Additionally, a “statement” was issued calling the assault “Operación Fénix,” a document urging everyone to take to the streets with no return, supporting our constitutional soldiers and civilian political leaders to take and consolidate power, towards the conformation of a Transition Government Junta.
The compulsion for lying
There are no pictures of the drones or the snipers.
NGO Espacio Público and the National Union of Press Workers denounced that after the events, the whereabouts of journalists and workers Neidy Freytes, César Díaz and Alfredo Valera were unknown “after the GNB approached them in the Bolívar avenue and cut their broadcast.” In an interview with CNN, imposed prosecutor general Tarek William Saab said that he knew nothing about the missing journalists, after three hours of their disappearance. They were released almost immediately.

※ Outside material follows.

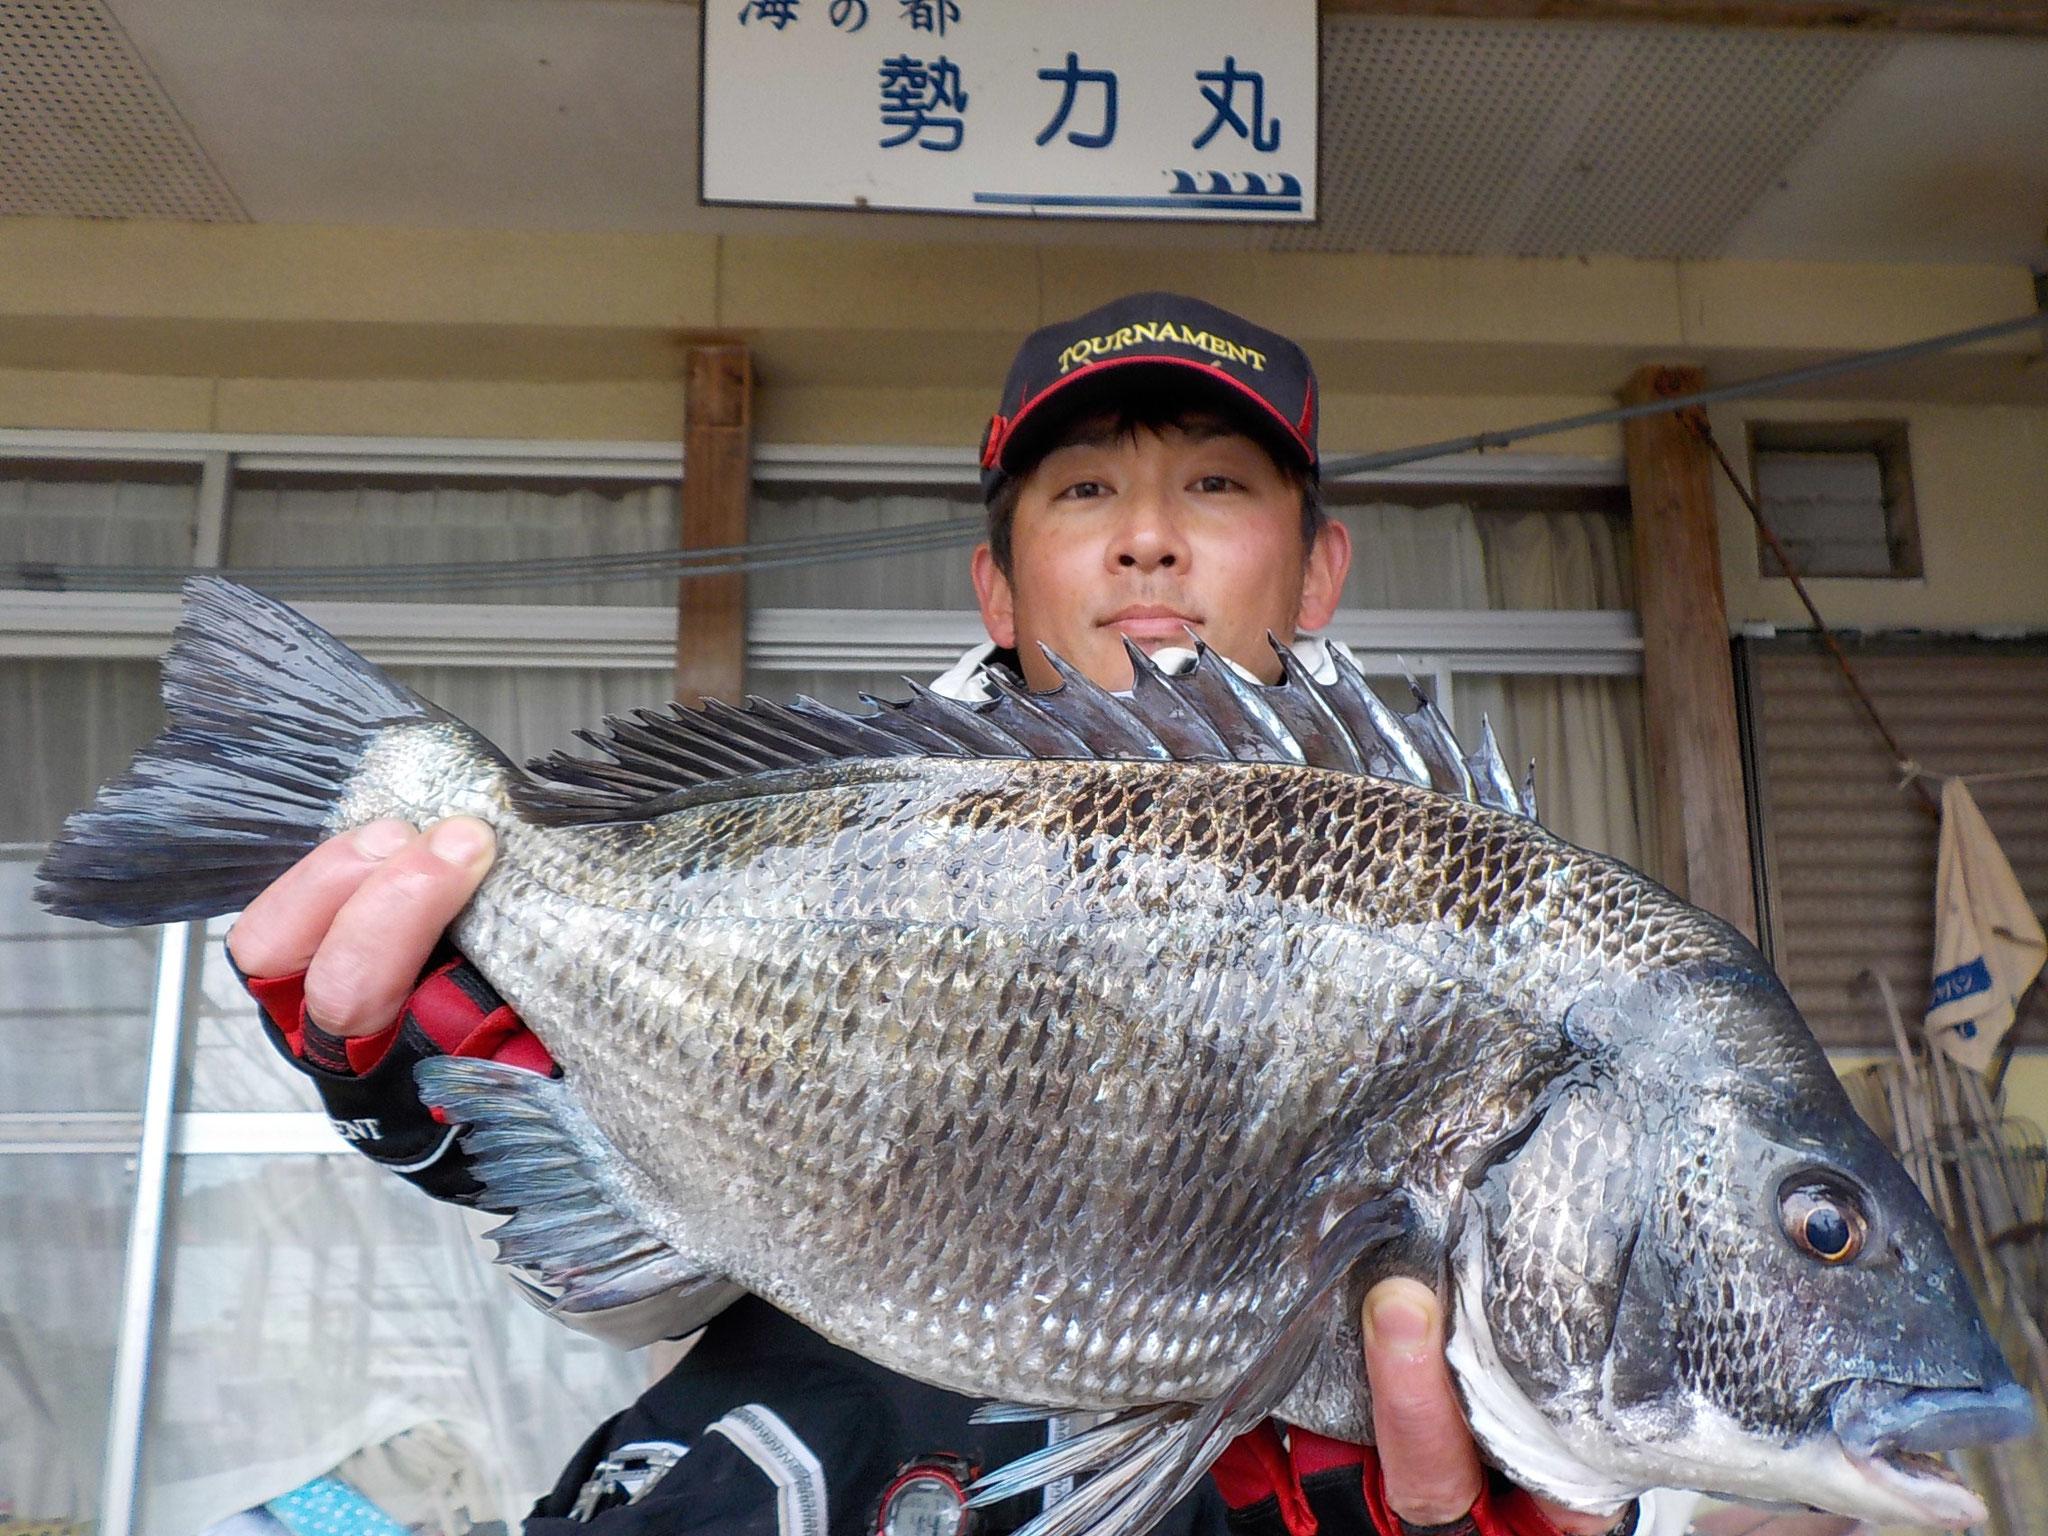 3月22日 磯釣りで渡辺さん ガバチヌ52.4㎝

And mind you, CNN is censored in every cable TV operator in Venezuela. If in the first official version about the incident, Jorge Rodríguez denied what we saw, he opened the path for questioning any other information provided by the Executive.
There are no pictures of the drones or the snipers, but we could see the burned apartment where the gas cylinder allegedly exploded. Nicolás used the incident to reinforce the idea of violence as the only route to oust him and yet, doing that would only bring us a civil war. The mistake, the insurmountable mistake, was the stampede, which shows just how well our loyal and courageous troops will stand against the enemy.
“Dignity is what separates a retreat from a stampede.”